■ YOUR ASSIGNMENT ■
Every line from the one with "Centro Autorizado de" to the one with "Pont ponton traversant", including those two, is to be copied exactly; all other lines of the entries below are left out.

■ EXTRACTED INFORMATION ■
[Start of section]

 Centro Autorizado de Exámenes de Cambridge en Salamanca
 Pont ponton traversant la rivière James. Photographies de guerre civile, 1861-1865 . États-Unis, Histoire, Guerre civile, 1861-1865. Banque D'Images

[End of section]
[Start of section]

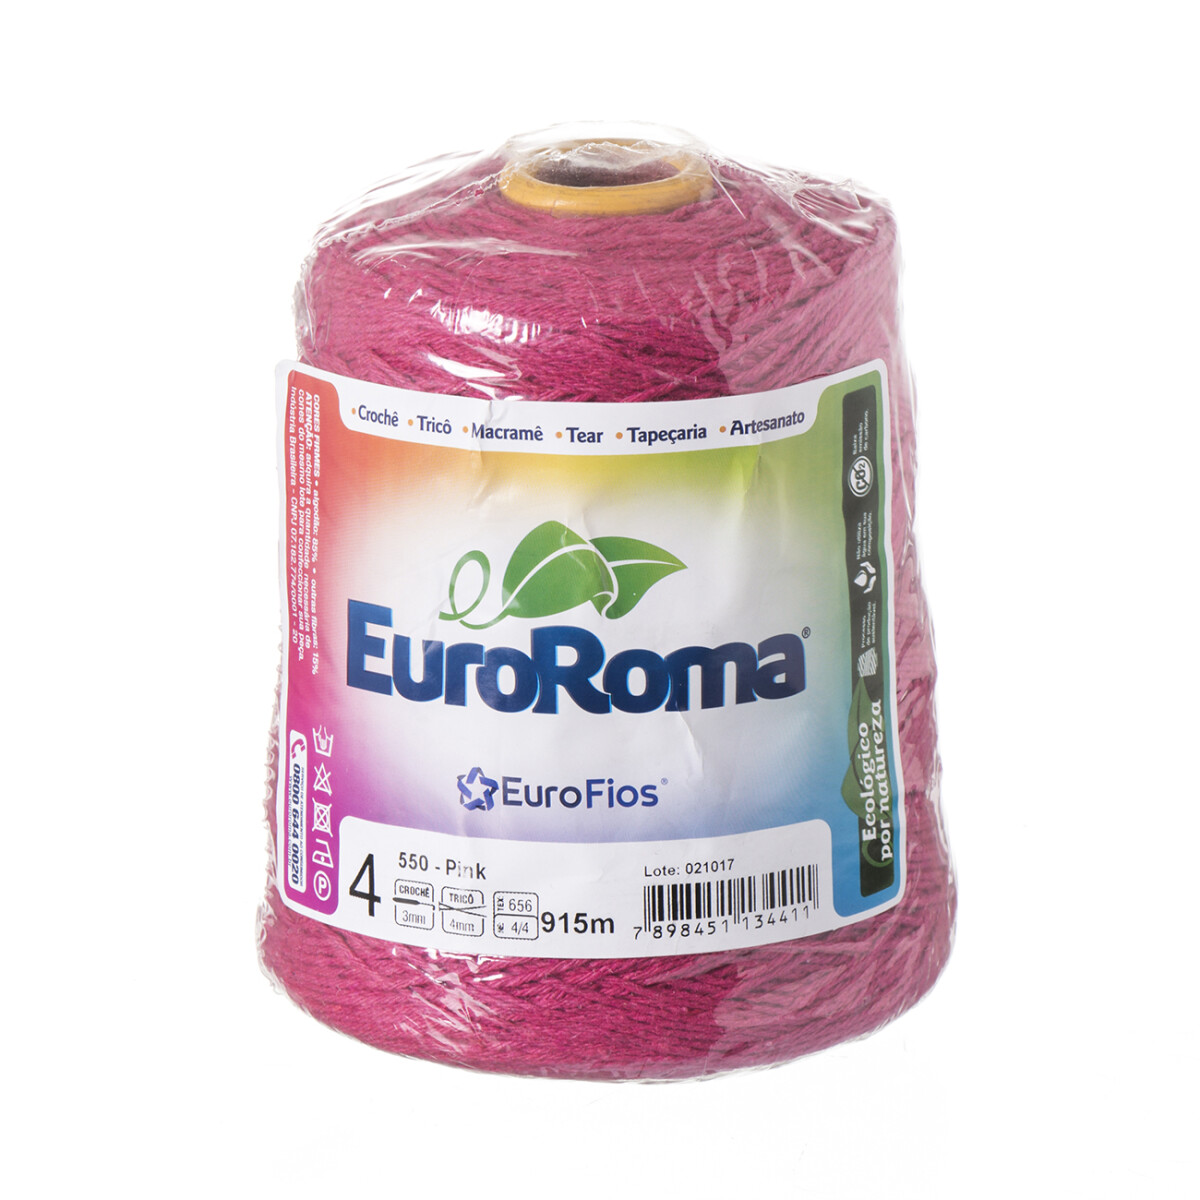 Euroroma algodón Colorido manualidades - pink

[End of section]

■ EXERCISE SOLUTION ■
 Centro Autorizado de Exámenes de Cambridge en Salamanca
 Pont ponton traversant la rivière James. Photographies de guerre civile, 1861-1865 . États-Unis, Histoire, Guerre civile, 1861-1865. Banque D'Images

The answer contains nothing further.